Although the ʿulamāʾ maintained a relationship with the Mamlūk rulers that can be described as “symbiotic”[15] or “interdependent,”[16] the ʿulamāʾ saw themselves as superior to the Mamlūk rulers because they were the guarantors of orthodoxy and adherence to the principles of the sharīʿa. The ʿulamāʾ wrote history according to this position, their own paradigm, and world vision: they were the sole owners of Islamic knowledge as heirs of the Prophets, according to a ḥādīth.[17] The ʿulamāʾ did not always hold the Mamlūk warriors in high regard who necessarily needed the ʿulamāʾ and whose support guaranteed the recognition and legitimacy of their power. Furthermore, the Mamluks did not always respect Islamic precepts and the ʿulamāʾ tried, as best they could, to reframe the Mamlūk authorities when their actions or decisions were not in conformity with Islamic law. Some ʿulamāʾ criticized them, indirectly, such as Ibn Taymiyya, even though he supported them entirely concerning the jihād.[18] In any case, the final decision regarding taxes or other political, social and economic matters rested with the sultan or the ’amīrs, a decision that could be made at the expense of the ʿulamāʾ and despite their strong influence in Mamlūk society and politics.
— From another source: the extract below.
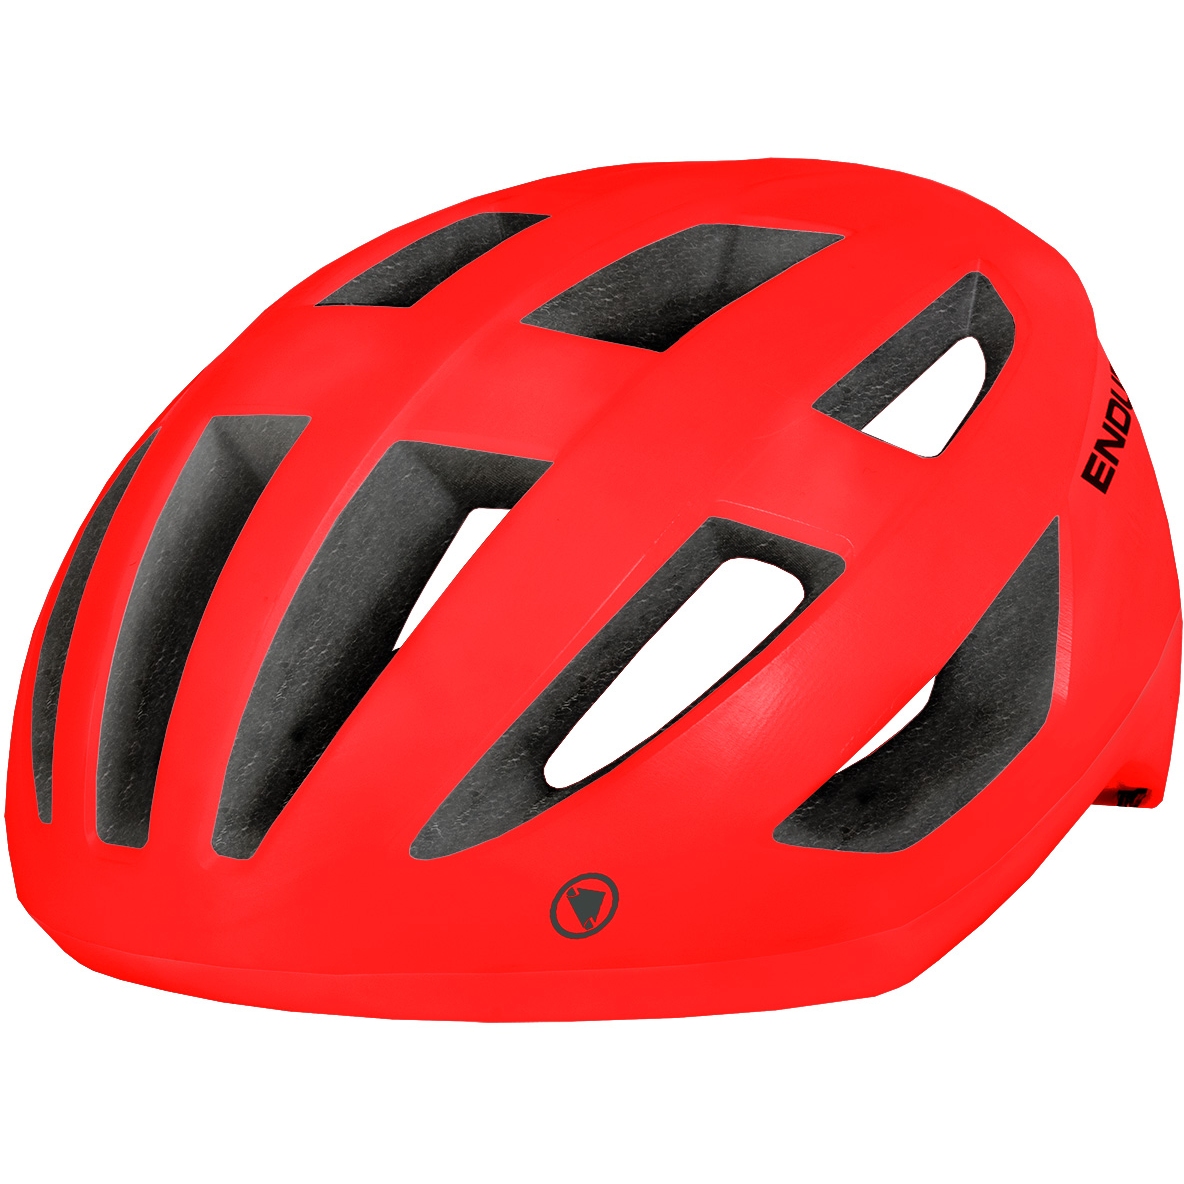 Produktbild von Endura Xtract MIPS® Helm - rot

In addition to the issue of imposing new taxes for the jihād effort, the authors of these three narratives highlight ʿulamāʾ’s protective role of sharīʿa and their countervailing power in the face of the ruler’s decisions. The picture of the superiority of the religious elite over the political power emerged from these accounts; the famous topos of the pen is stronger than the sword.

Third Episode

The third and final episode concerns a clash between amīr Salār and Majdī al-Dīn ʿĪsā b. al-Khashshāb, the nāʾib al-ḥisba, and the famous Shāfiʿī qāḍī-l-quḍāt Ibn Daqīq al-ʿĪd (d. 702/1302). In the middle of the year 699/early 1300, the Mamlūk authorities wished to use the fatwā issued by ʿIzz al-Dīn b. ʿAbd al-Salām and promulgated in Quṭuz’s time to justify the imposition of a tax of one dinar per person to finance the war effort against the Mongols. Ibn Daqīq al-ʿĪd, who was one of al-ʿIzz b. ʿAbd al-Salām’s closest students, refused to ratify the fatwā, which, according to him, was being used deceptively. Indeed, al-ʿIzz b. ʿAbd al-Salām had only authorized the levying of an additional tax on the condition that the amīrs sold everything that they did not require for the war. If the money in the bayt al-māl did not suffice to equip the army, the authorities would have been entitled to tax the population.[19]

Faced with the first advance of Tamerlane’s troops in 789/1387, Sultan Barqūq and the amīrs consulted the ʿulamāʾ, including Burhān al-Dīn al-Bulqīnī, on how to finance the jihād effort. Several options were considered, such as taking money from traders or half of waqf income.[20] As Jonathan Berkey remarked, the history of the waqf under the Mamlūks was “essentially a balancing act” that the Mamluk and ʿulamāʾ classes were obliged “to negotiate solutions suiting the shifting contingencies of the moment.”[21] Two similar episodes are reported during the reign of Qāytbāy in 872/1468 and 886/1491.[22]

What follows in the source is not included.